By Holden Hartle, who takes his namesake from Holden Caulfield
This spring break, I took a trip to the East Coast in which I traversed Massachusetts and Rhode Island completely by myself. Everything from transportation to food was accounted for by me. It’s scary, needless to say. But I had a friend during this time, Holden Caulfield from The Catcher in the Rye.
I had never read the book before, despite it being the book I was named after, and I couldn’t have read it at a better time.
The book follows Holden, a sixteen year old who has just been kicked out of yet another prestigious school because he is unmotivated to complete his schoolwork. The angsty teen only passed one class at Pencey, his English class, and this was because he had read all of the books in previous years. His struggles in school stem from his hatred for adults. All adults with few exception are “phonies.” His teachers are no exception.
Because Holden is the narrator, and a pretty snarky one, you have to take everything he says with a grain of salt. He will state that a certain adult is a phony, but as the reader, you have to ask yourself why he would say something like that. Is a character actually a phony, or is he just a phony through the eyes of Holden? My brief background in AP Psychology tells me that Holden is displacing his fear of adulthood onto all adults, instead of accepting the transition.
The book gets it title from Holden describing his fantasy of being a “catcher in the rye” to his younger sister, Phoebe. He explains the scenario in which he is in a rye field with his back facing a cliff with a sheer drop off. In this field, children are running towards the cliff, and Holden is picking them up, and placing them further away from the edge.
Pretty weird fantasy, right? Not when you understand the consciousness of Holden.

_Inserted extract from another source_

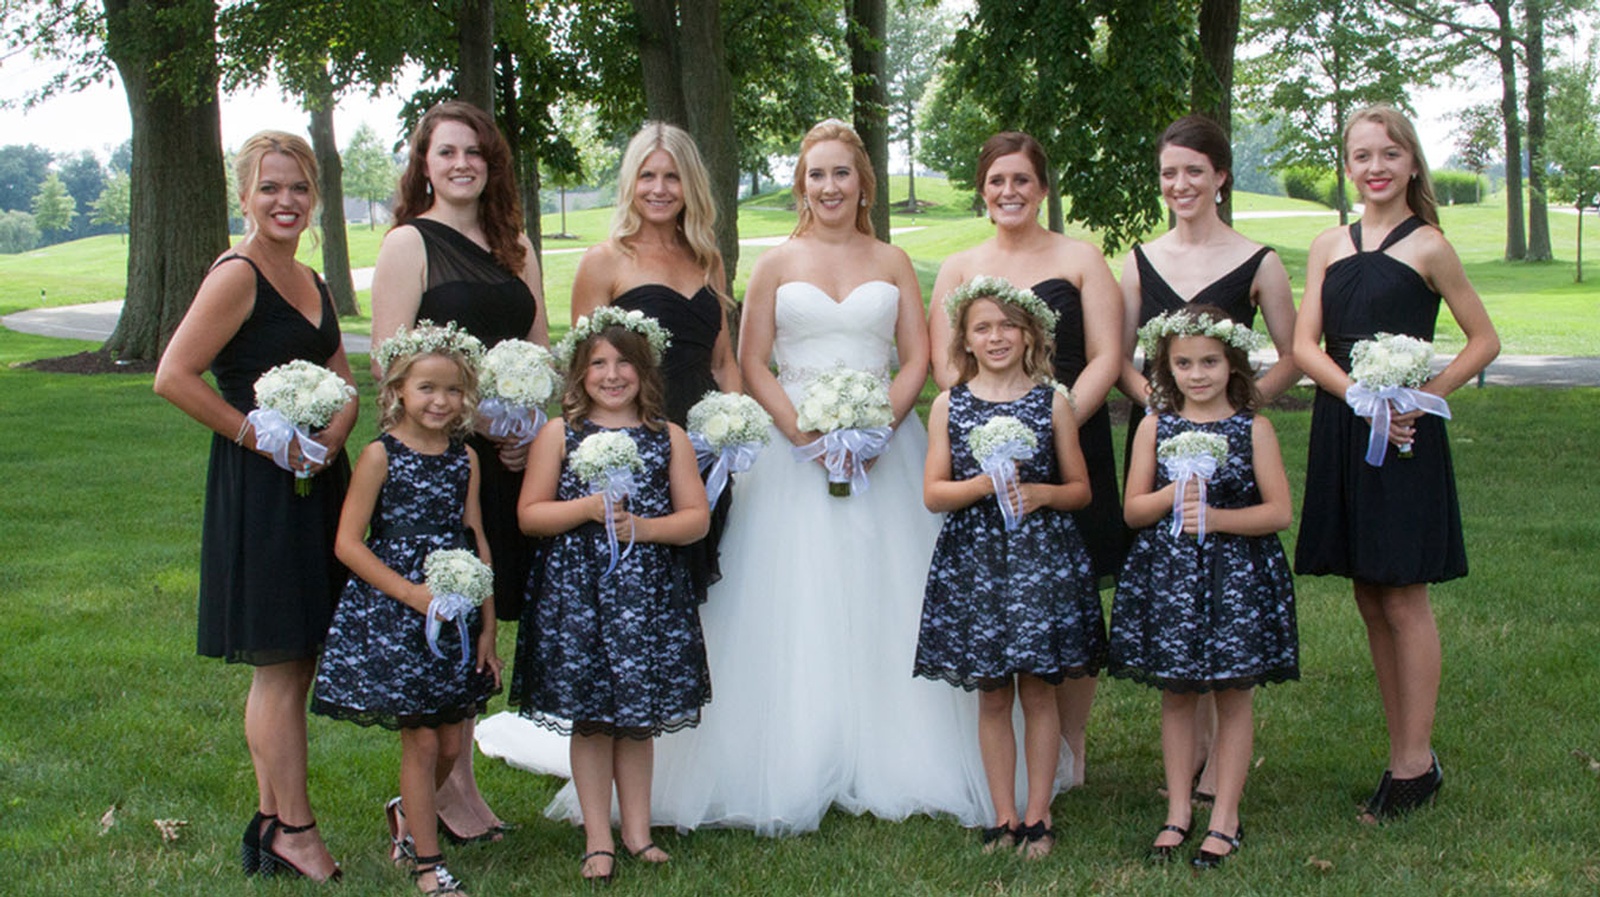 The Bridesmaids Photograph by Jim Schwarz Photographers - Wedding Photographer Canal Winchester
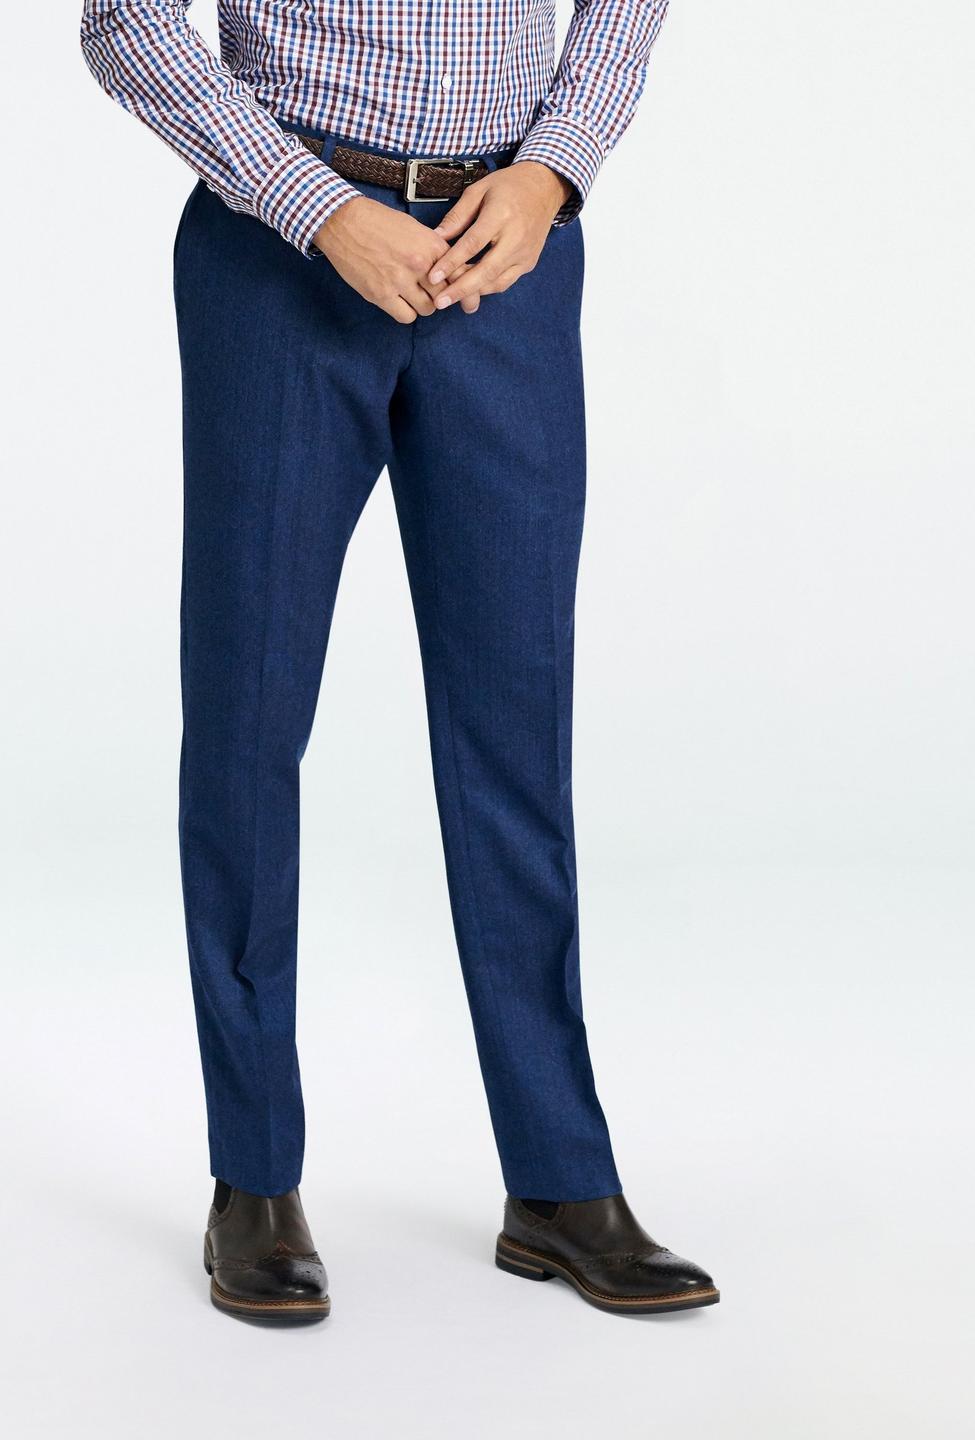 Blue pants - Prescot Herringbone Design from Seasonal Indochino Collection

To me, the bottom of the cliff is adulthood, and these children are conforming to what society wants; they are making the jump to become adults. Holden is desperately trying to keep these children in their current state, but he can’t save everyone. The reader learns that Holden has almost a quixotic factor to him. He has the idea that he can save everyone, but obviously this isn’t the case.
Towards the end of the book, Holden is watching Phoebe on a carousel. Holden cries happy tears as he watches Phoebe going round-and-round, stagnant in her childhood. She isn’t headed in a straight line to adulthood, she is stuck in her childhood, and that makes Holden happy.
So what does this have to do with you? Well, don’t be like Holden. The inevitable tide of adulthood is coming, and you can’t stop it, no matter how hard you or Holden try. So adjust. Humans are amazing at adapting to new social environments. Whether you are going to college or getting your first job, you can adjust to that new environment. If you completely immerse yourself, you mold yourself to match that situation. Holden couldn’t adapt; thus he clung to childhood with all of his being. This ultimately was his downfall. Don’t be like Holden.